Overdue #FlatRichie Logbook Catch-up

Before I get back to replying to the many comments that have accumulated over the last couple of days – many thanks for taking the time to respond, everyone; I appreciate your thoughts and replies very much – I want to catch up with Flat Richie. I had promised to go through the log book, tracing Flat Richie’s journey and sharing the lovely messages that have been left in the book. Even though Flat Richie nowadays lives on my desk, right in front of my eyes, the whole state of pandemia basically distracted me from the task at hand. So I am catching up today with two entries – from May and June 2019. 

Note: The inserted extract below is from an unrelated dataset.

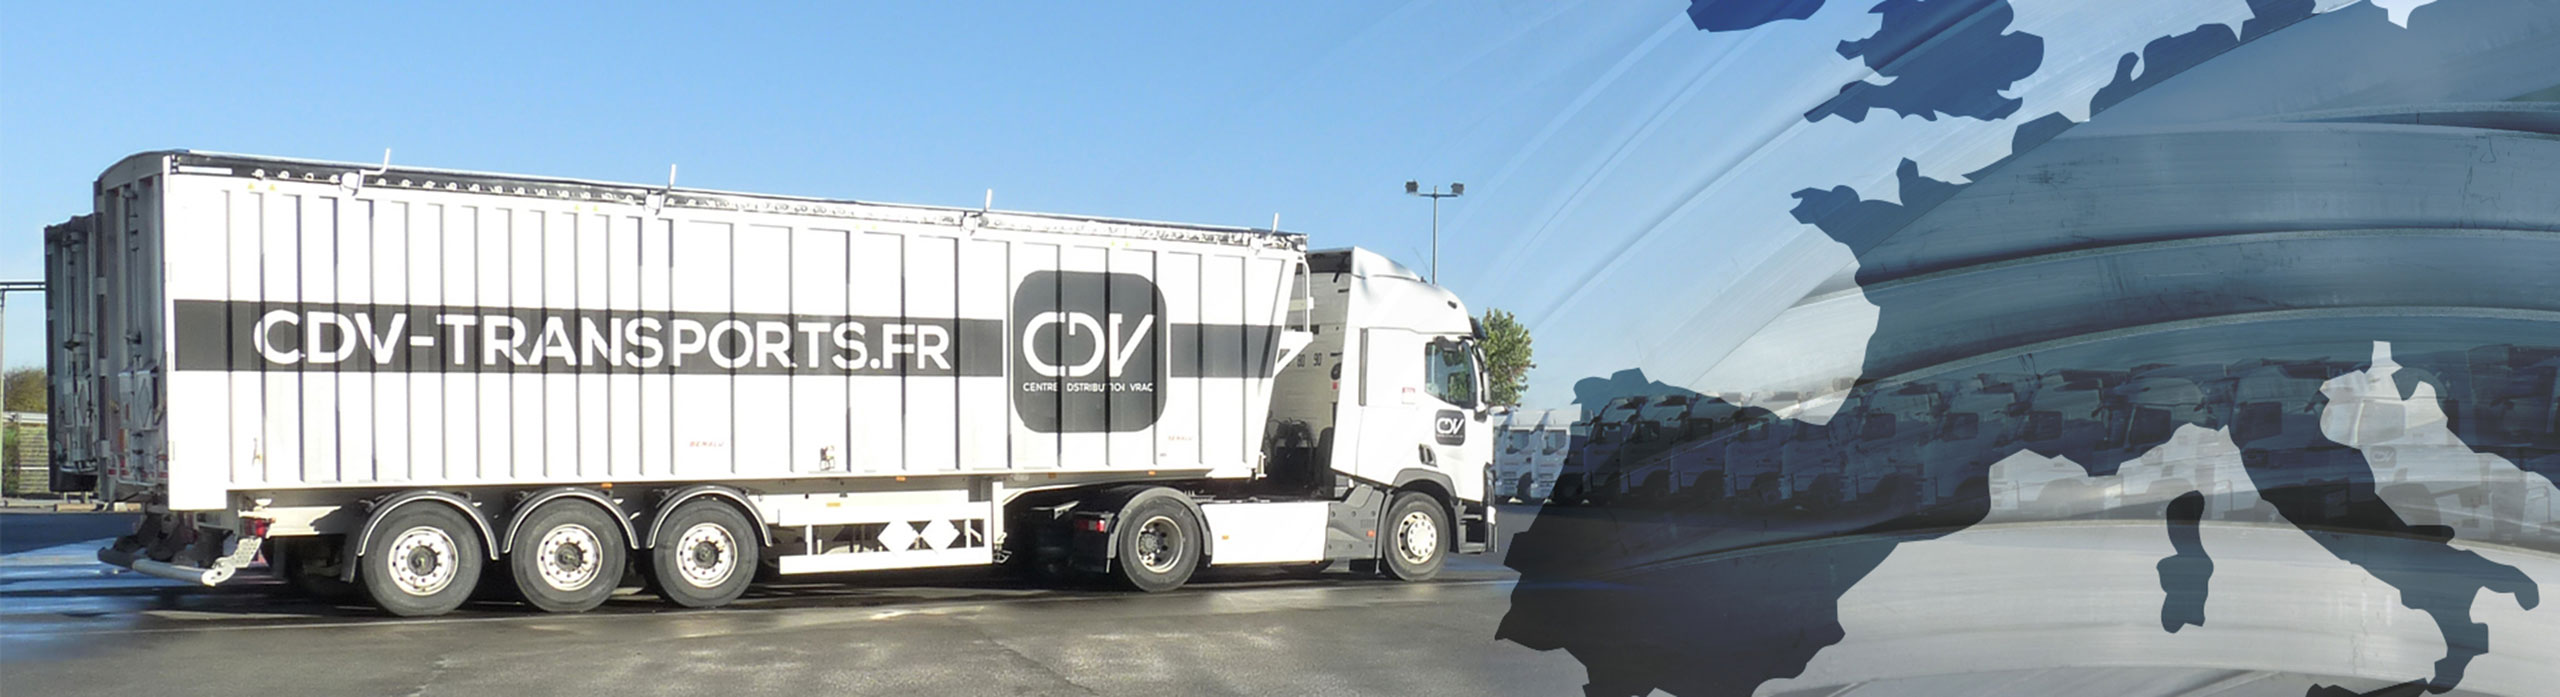 CDV Transports

In May 2019 Flat Richie spent a long holiday with Jholland in Oklahoma. 6 tornados!!! No wonder he stayed longer than envisaged 😉

From there he travelled to the West coast of the US, visiting Kathy until June 18th. 

Check out Kathy’s little extra fun. She made the participants work to read her message to them.

Neat 🙂 We’ll return to Flat Richie later in July to catch up with his travels after he had crossed the Atlantic once again.

As a little OT PS here is an answer to a question that Besotted left in the comments on Sunday. She was wondering what had become of the cut-up denims that I showed prior to the round-up. I managed to finish that project on Sunday (part of the reason why I did not reply to all comments right then but went awol). Since repainting my kitchen the other day, my bright red seat pads on my kitchen chairs felt like a real eyesore, exacerbated by the fact that the pads were manky and stained.

Granted, these were the cheapest seat cushions you can buy in Ikea. But it always irked me that the chair cushions did not have removable covers. Over time, they became dirty, and I could not wash them. So I decided to go matchy-matchy with my kitchen wall and sew up a few new covers. Thankfully, a batch of about 10 pairs of old denims had survived my recent declutter and tidying.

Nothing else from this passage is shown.